姫華は、硬いはずの鉄棍がまるでただの縄でもあるかのように、一定のペースで締め上げて行く。

「ウォォォォォォッ!!」
奇声のような叫び声を上げながら、ブライアンは姫華に対して殴り掛かった。

バシッ、バシッという乾いた打撃音。殴っている場所も、パンチのフォームもてんでバラバラ。
打撃が効果ないと思うや否や、今度は何と、姫華の身体を両手で押して引き剥がそうとし始めた。

ブライアンは、両脚で地面に踏ん張り、両手で姫華を全力で押す。
しかし、ブライアンの全身全力よりも、姫華の腕力の方が上回っているのは最早、明白だった。

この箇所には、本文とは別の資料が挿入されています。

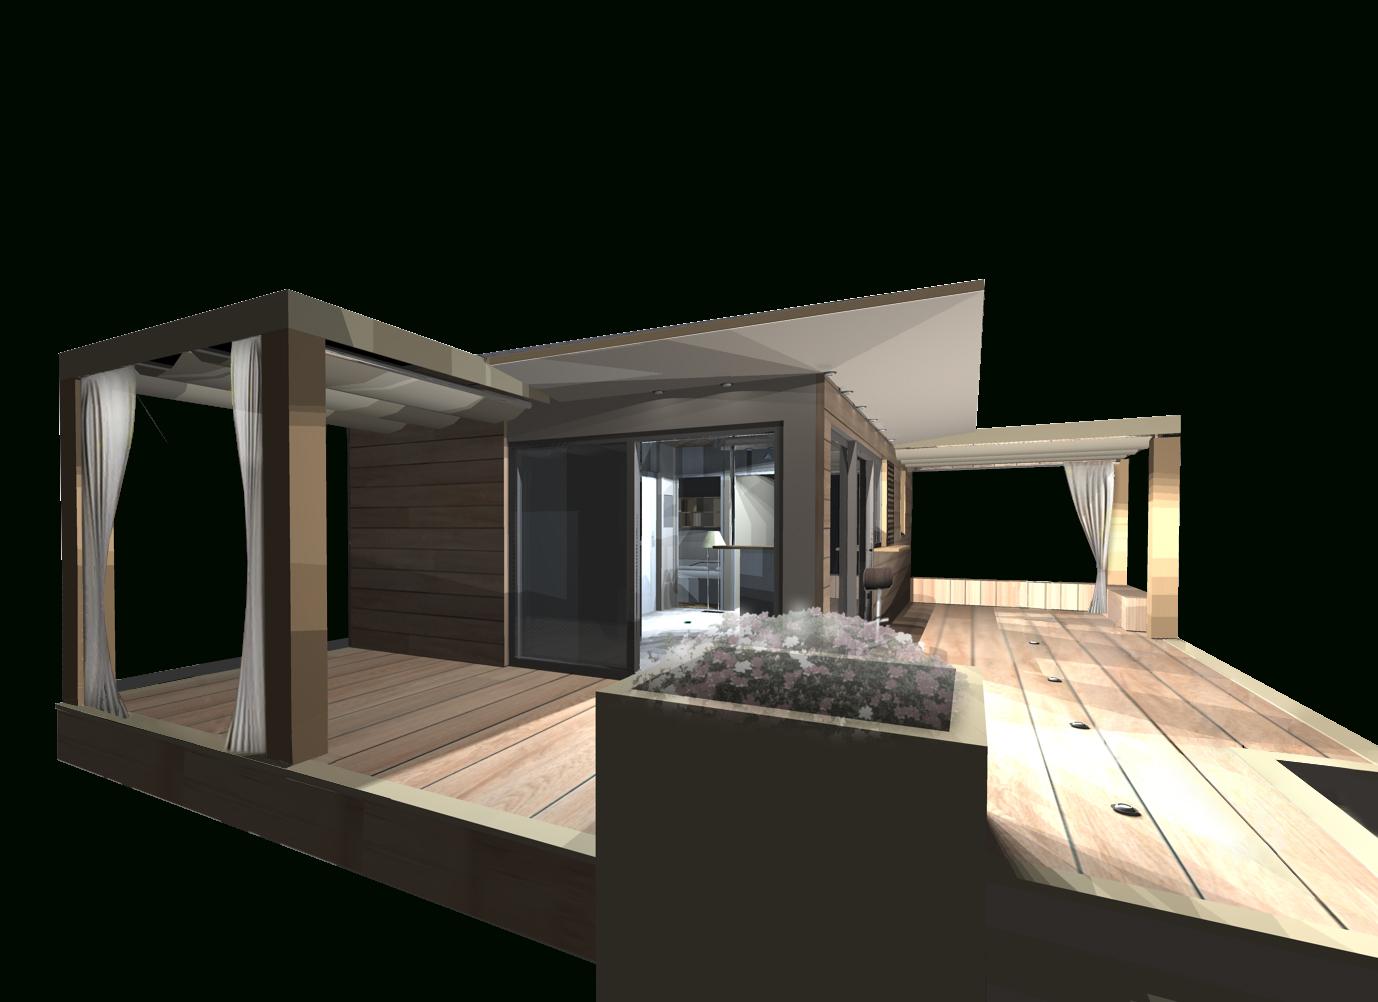 Studio De Jardin, Bureau De Jardin, Dependance Maison ... pour Studio De Jardin Habitable

既に、鉄棍はブライアンの腹筋に減り込んでいる。苦しさからか、ブライアンの顔が紅潮している。
そんなブライアンはお構いなしに、姫華は規則正しいペースで鉄棍を締め上げて行く。

あまりの苦しさにブライアンは地団駄を踏み、駄々っ子のように暴れ、最早まともな抵抗も出来ない。
鉄棍は、腹筋だけでなく背骨をも締め上げていたのだ。まるで、大蛇が獲物を締め上げるかのように。

ボキボキッ・・・グジュ・・・グジュジュ・・・

背骨が折れ、"中"から"中身"が潰れるような音が聴こえて来た。
それと同時に、ダーッと大量の鮮血がブライアンの口から零れ出して来た。

「キャッ」
吐瀉物を避けるように、姫華はつい、鉄棍を持っていた手を放してしまった。

ドサッ。

砂時計のように無理矢理、胴体を変形させられたブライアンが前のめりに倒れ込んだ。
結果的とはいえ、命乞いをしたブライアンが三人の中で唯一、前のめりに斃れたのは皮肉なものだ。

結局、最後の最後まで、いつも通りの横綱相撲だった。
姫華らしい、完膚なきまでの試合運び。


ワァァァァァ!!! という、地鳴りのような歓声。

行くな、行かないで、というような悲鳴のような叫び声も聞こえて来る。

姫華は、少し名残惜しそうに、それでも嬉しそうに声援に応える。



歓声は、いつまでも鳴り止まなかった。